Last Dive Bar and another fan group, the Oakland 68’s, distributed 10,000 free T-shirts to fans that had a simple message for the A’s owner: “SELL.” They hung banners with the same demand across the Coliseum. And they produced dozens of other shirts, signs, stickers and pins protesting the move to Vegas.
The two fan groups also organized a “fans fest” that attracted an estimated 15,000 to 20,000 fans and several former players; an Opening Day boycott that attracted more people to a protest in the parking lot than to the game inside the ballpark; and “reverse boycott” games that packed the Coliseum on usually empty nights, with fans who alternated between chants of “sell the team” and a moment of dead silence as a form of protest.
Those games drew widespread attention from the media and sports world — and from the players themselves.
Mark Kotsay, the manager of the A’s who also played for the team from 2004-7, was asked this week when he remembered the Coliseum at its loudest. “I’ll tell you, the most silent I’ve ever heard this stadium was the reverse boycott,” he said. “It was so silent it was scary.”
Last Dive Bar also tried to get under the skin of the A’s owner, John Fisher, and the team’s president, Dave Kaval.
The group had fans toss tomatoes at photos of the two men. It hired an actor to impersonate a bumbling version of Mr. Kaval for paid ads to promote events. Last Dive Bar made puppets of the two executives and brought them to the seats behind home plate to get them on television. The group applied for the trademark to “Las Vegas Athletics” — and bought billboards in Nevada to warn residents there that their lawmakers wanted to give Mr. Fisher taxpayer money to build a new stadium on the Las Vegas Strip.
Yet the deal moved ahead anyway. The league’s 29 other owners, along with Major League Baseball’s commissioner, Rob Manfred, approved the plans for the A’s to leave Oakland, and Nevada lawmakers gave Mr. Fisher $380 million in public subsidies.
So, what was the goal of the protests? Was it to force a change?
“Not the change that everybody wants in a physical sale of the team, but change as far as the narrative,” Mr. Johansen, 42, a Tesla engineer, said in the Coliseum stands on Tuesday. “It’s not the fans’ fault. It’s not the city of Oakland’s fault. It is the fault of John Fisher and 29 M.L.B. owners and Rob Manfred.”
Mr. Fisher put out a letter to fans this week saying he tried to stay in Oakland but couldn’t. “It was our mission, and we failed to achieve it,” he said. “And for that I am genuinely sorry.”
In recent weeks, the mood of the protest movement has shifted from anger to mourning.
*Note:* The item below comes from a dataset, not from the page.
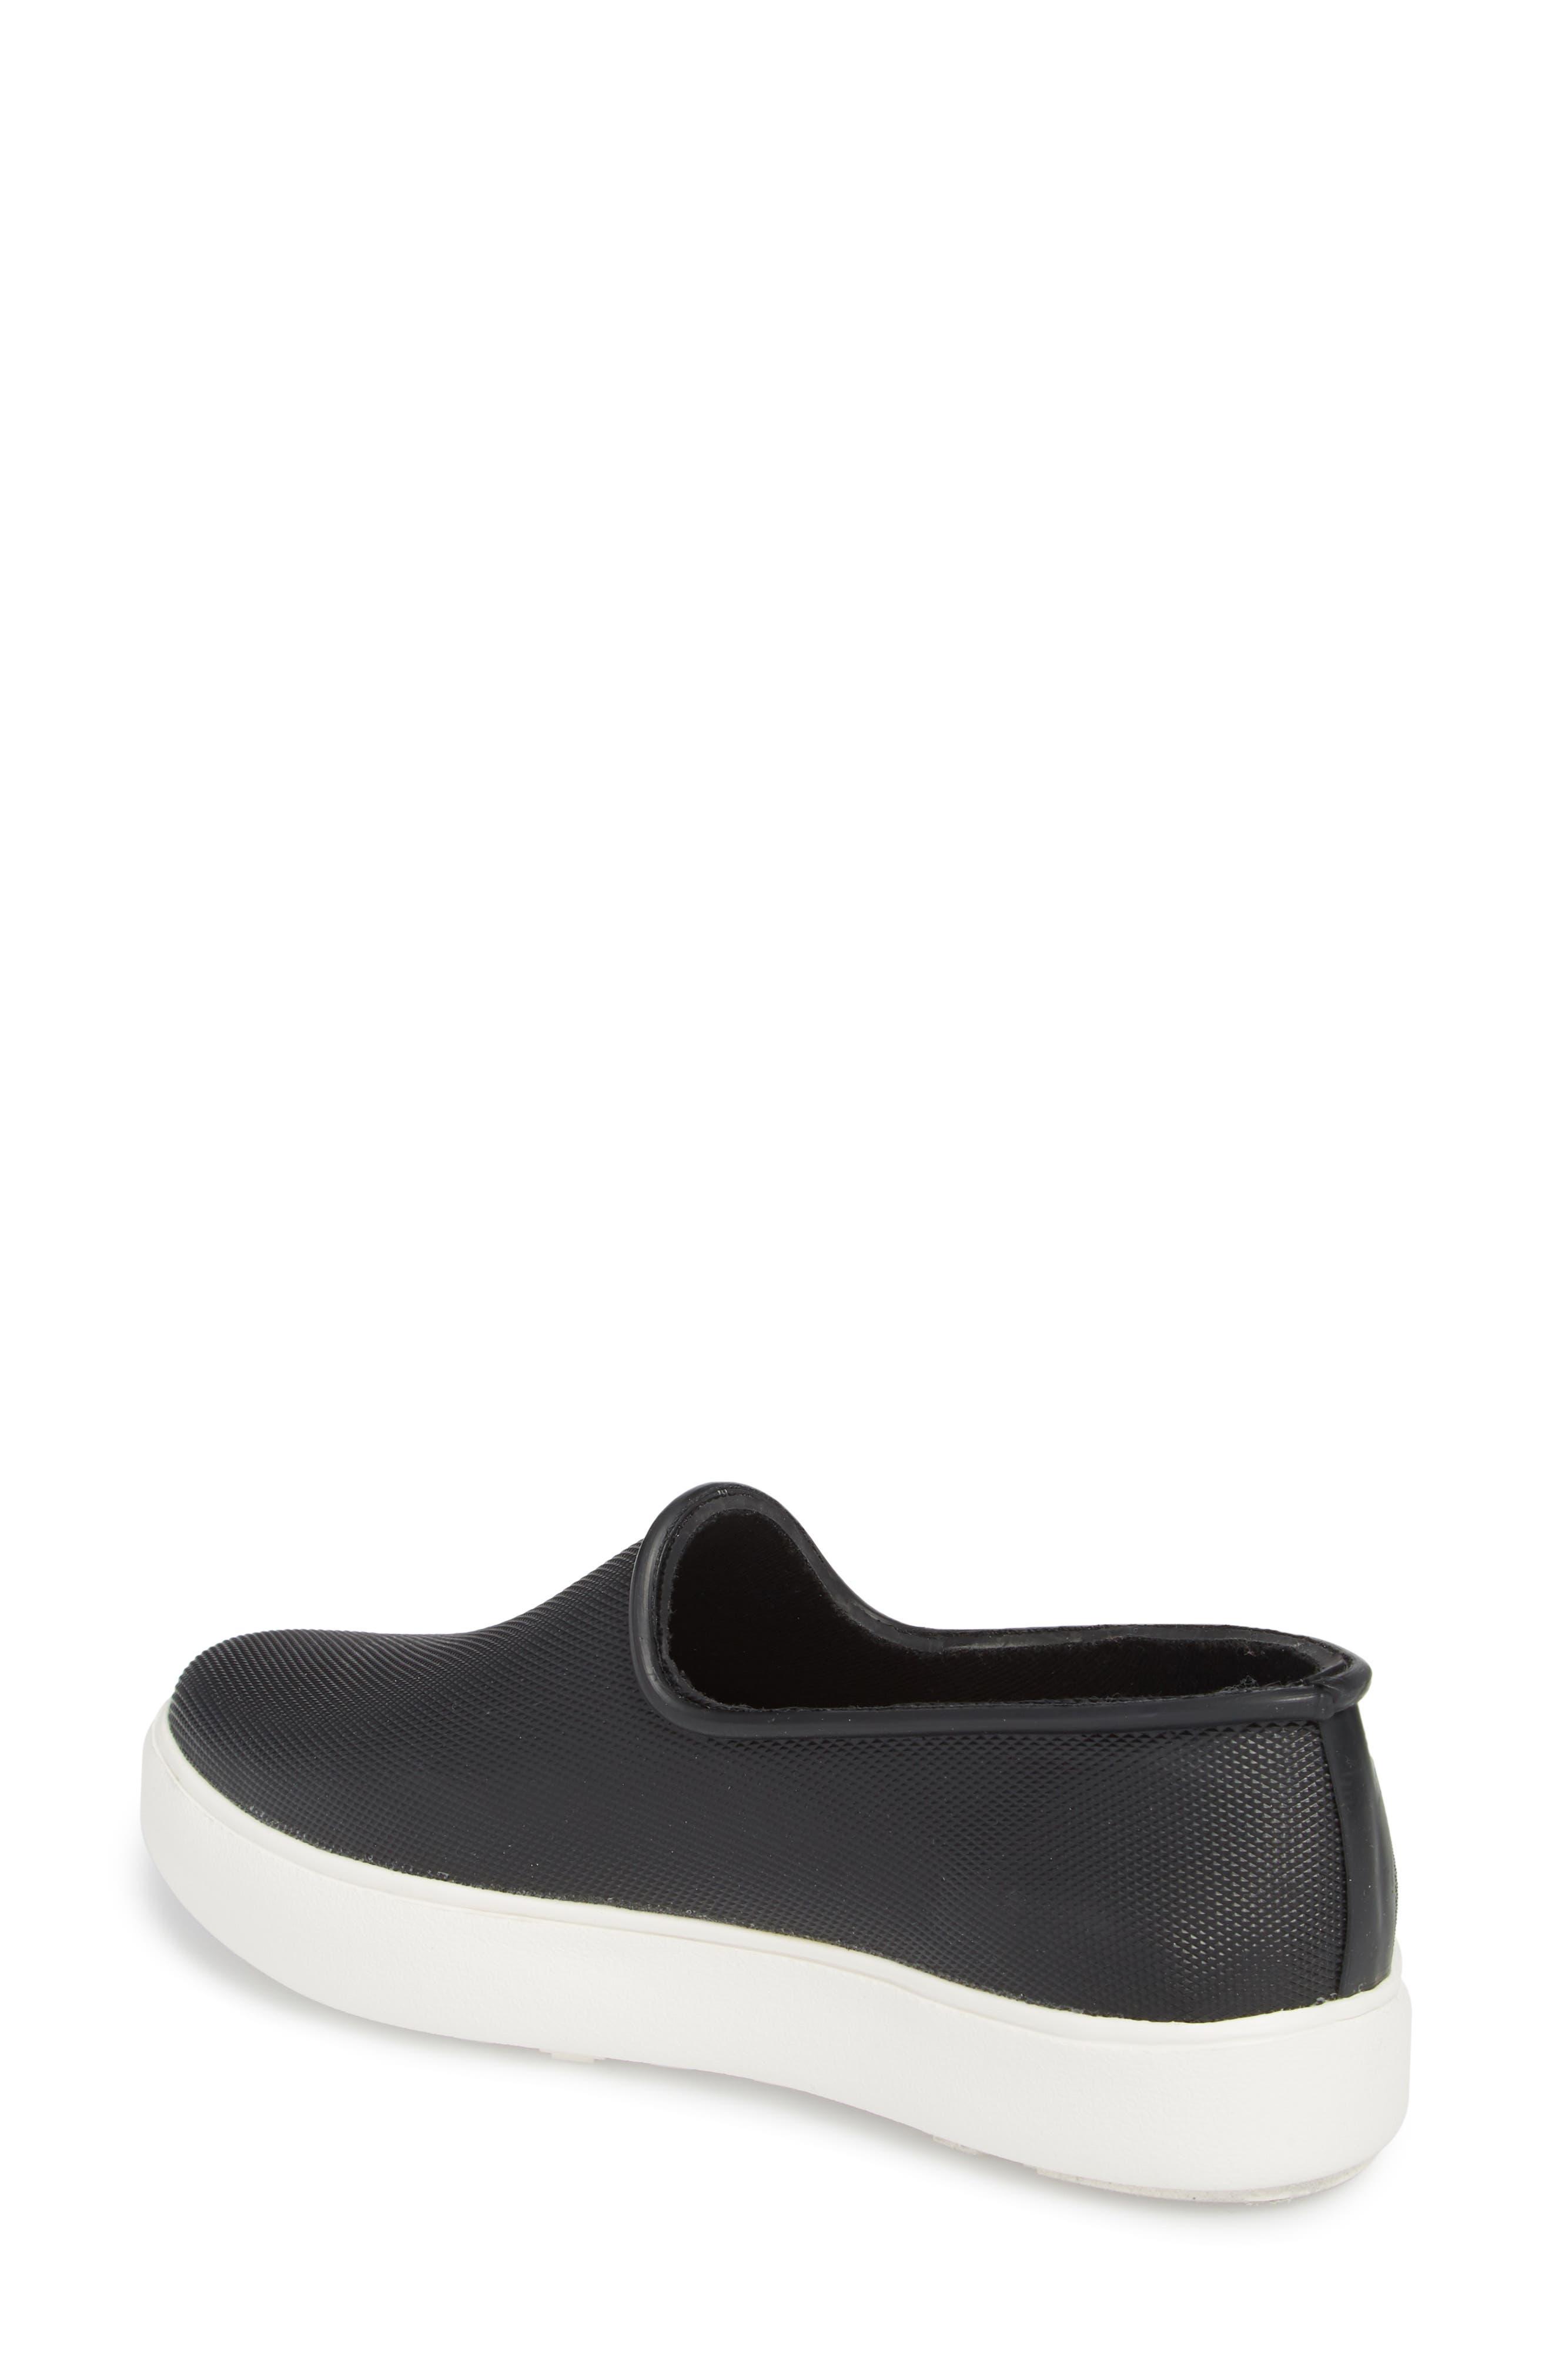 Rainy Day Waterproof Slip-On Sneaker,                             Alternate thumbnail 2, color,                             001

Robb Roberts, Last Dive Bar’s effective handyman, has created various props to protest the move, but now he said he was at work on the one thing he didn’t want to build: a tombstone. (It features a croaked possum, the unofficial mascot of A’s fans, representing the various wild possums that live at the Coliseum.)
After the A’s final game at the Coliseum on Thursday, Last Dive Bar will host a “wake” for the team’s 57 years in Oakland.
“This is like dealing with a death,” Mr. Johansen said, with tears in his eyes.
That is why his group has limited its calls on fans to protest in recent weeks. “Everyone has the right to process these last games however they see fit,” he said. “You wouldn’t go to a funeral and tell the widow or widower how to process the loss of their loved one.”